Fine. For someone who professed to not be a telepath, the old guy seemed to get his head around telepathy quickly.
::I heard that; I’m not old::
Toby rocked back on his heels. Grant mutely handed him a tumbler of water. He rinsed and spat.
“I stopped talking when they came for me,” Grant said abruptly, as he sat on the edge of the bath. “They put duct tape over my mouth and around my hands and put me in a box and nailed it shut. John came for me.”
Through the fractured kaleidoscope of Grant’s thought processes came a clear image of a shaft of light blinding him as a wooden lid was lifted - John and Dr. McKay looked down at him.
Grant smiled and then his thoughts became that impenetrable tornado.
“Are you finished?” Dr.

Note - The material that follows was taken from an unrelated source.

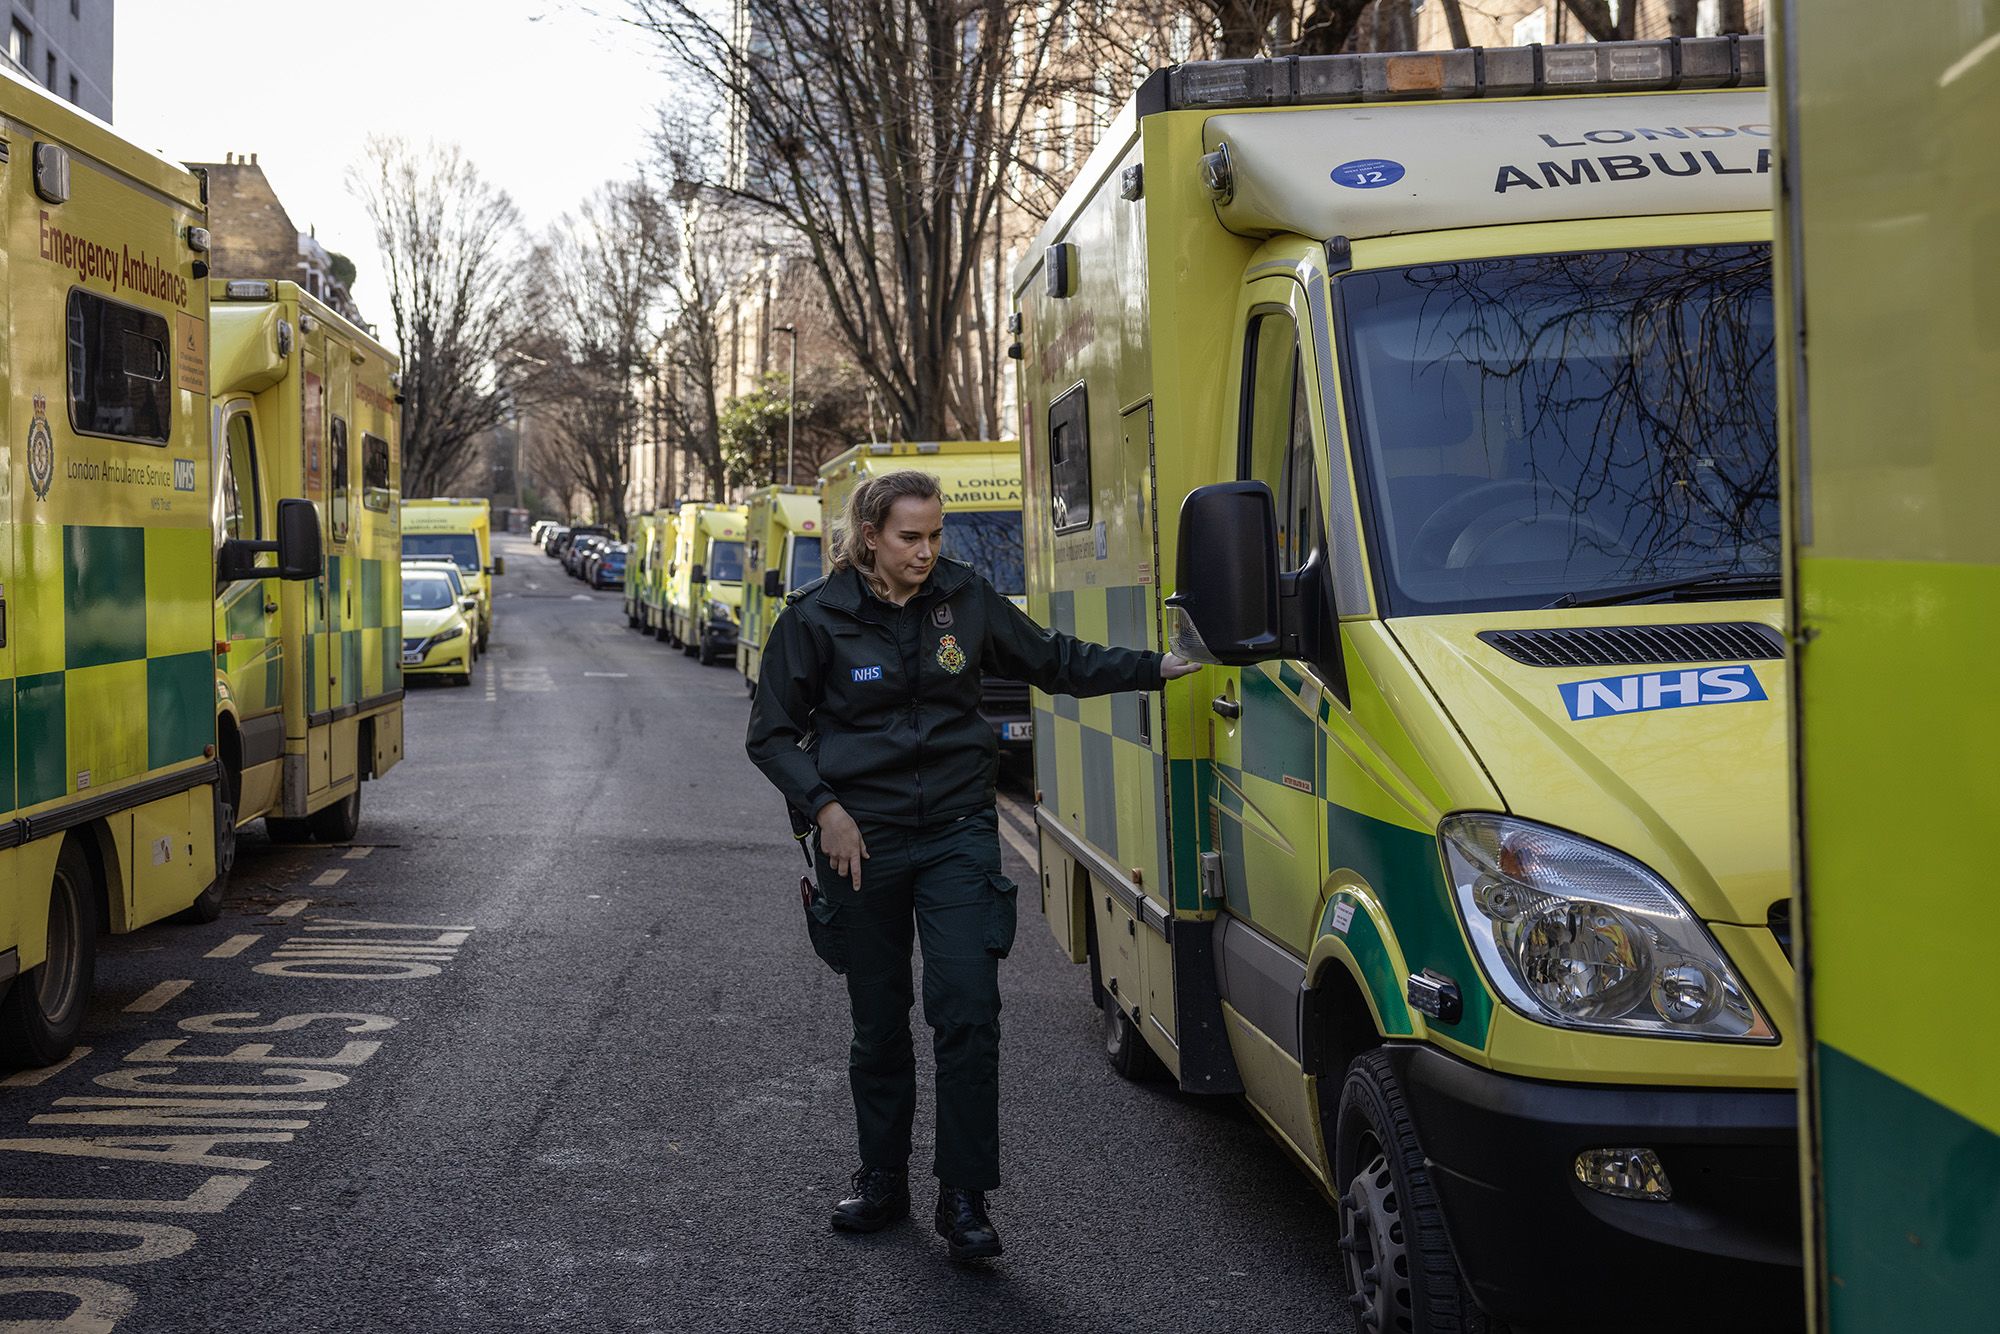 Emergency Services In UK: Police, Health, Fire And More

McKay asked and tossed something from the doorway.
Automatically, Toby dropped the tumbler and caught the crystal ball. It lit up like a fluorescent bulb and he threw it away like it was hot.

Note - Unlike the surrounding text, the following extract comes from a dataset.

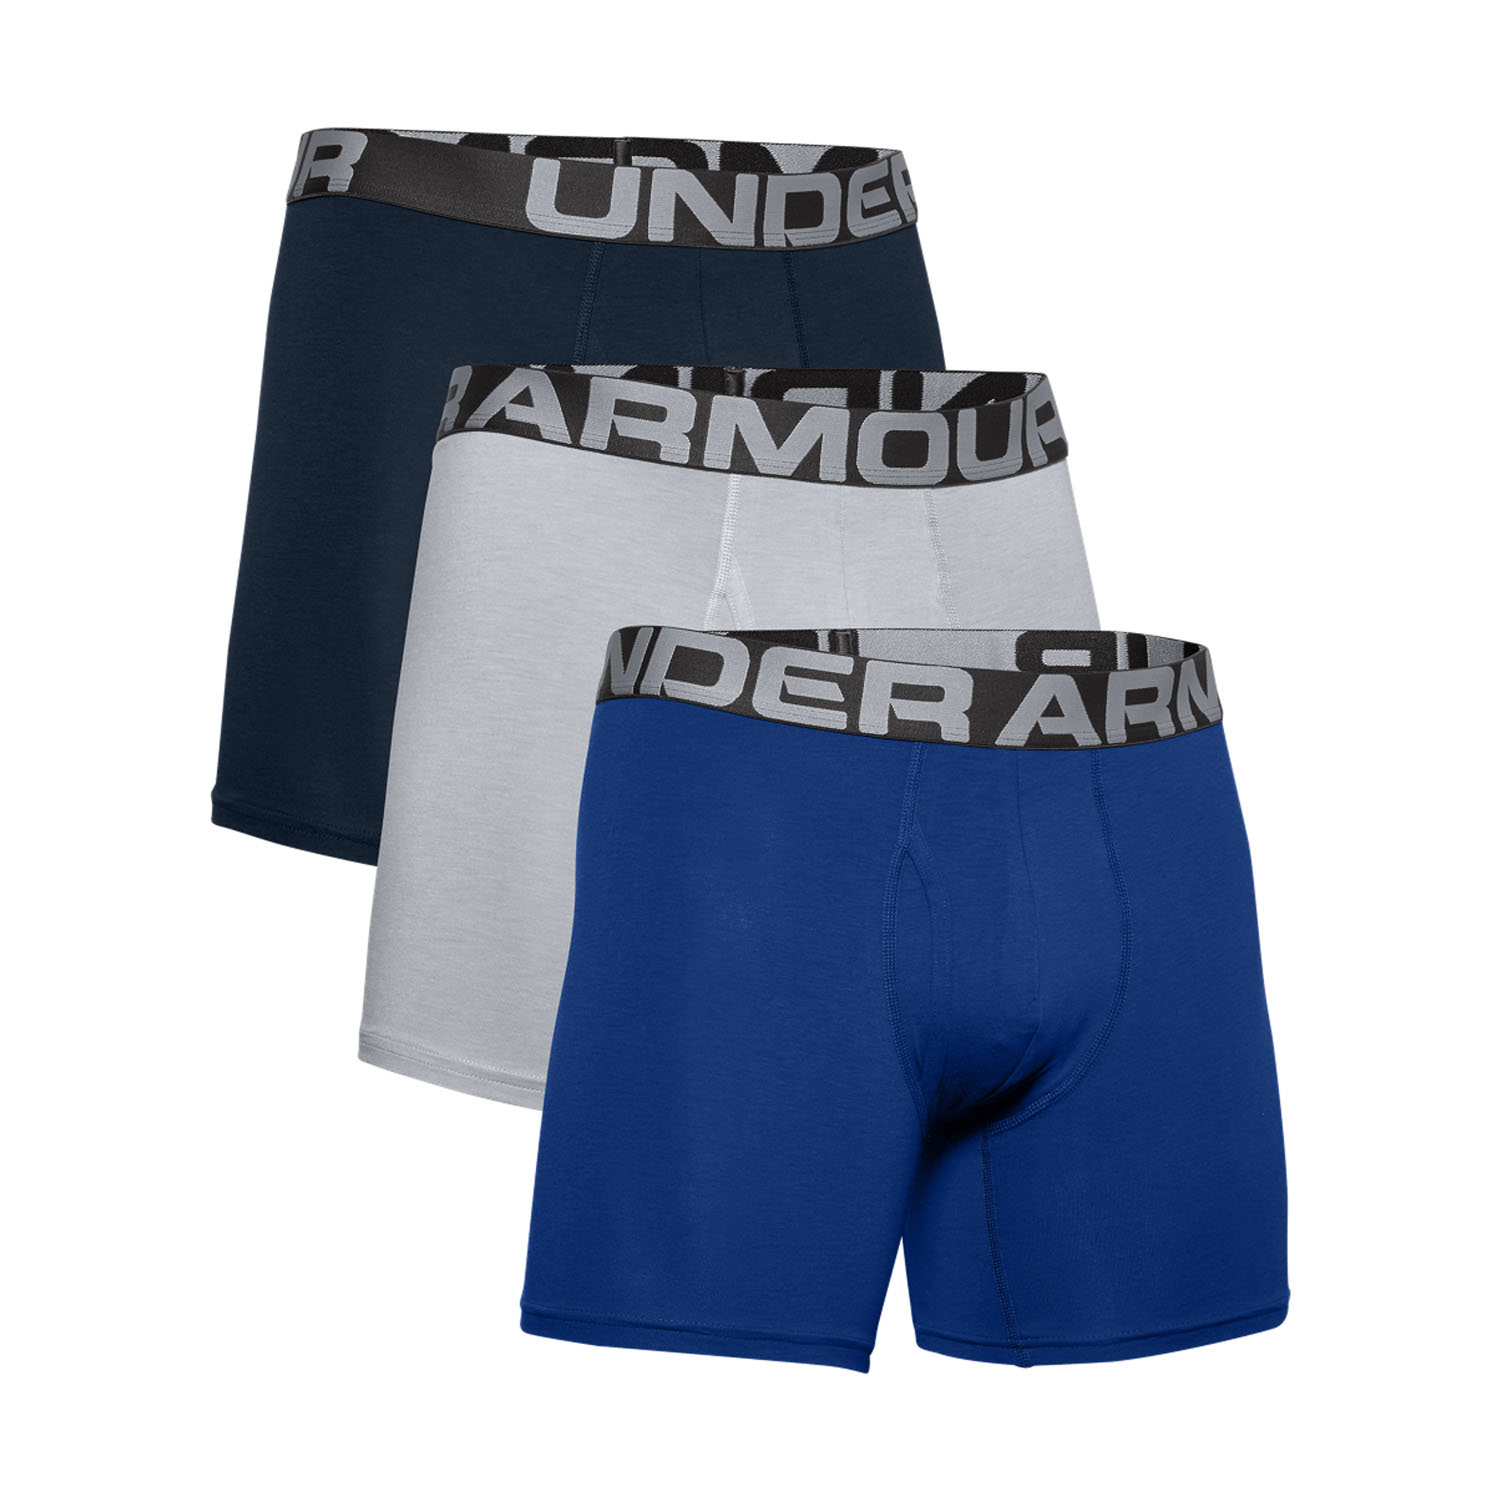 Under Armour Charged Cotton 6in x 3 Boxer - Royal/Academy/Mod Gray Medium Heather

“Knew it,” Dr. McKay said.
::Well, that was a given:: John said conversationally.
What? The bulb lay quiescent on the ceramic tiled floor.
::Kid, it’s a long, long story::
McKay’s arms were folded over his chest and he was glaring down at Toby. Grant offered him a hand and pulled him to his feet. McKay cocked his finger drawing them back into the main living area.
John was sitting upright on the sofa, hands braced behind him. The watching military officers were no longer dotted around the room.
Grant was juggling the sphere, entranced by the sunlight sparkling within as he tossed it from hand to hand, lurching every now and again as he miss-threw. In his hands, though, it didn’t gleam with that glorious inner light.
::Only people with the Ancient gene can make them light up::
Ancient gene? Is that why I’m a telepath?
::Carson will be able to tell you::
The image of a stocky, blue-eyed, white guy with an overlay of ‘kind’ came through as clear as crystal. And that was the way it was with John. There was no echo, resonance, confusing mishmash - words clear, images clear. John had already figured out how to just send what he wanted to send.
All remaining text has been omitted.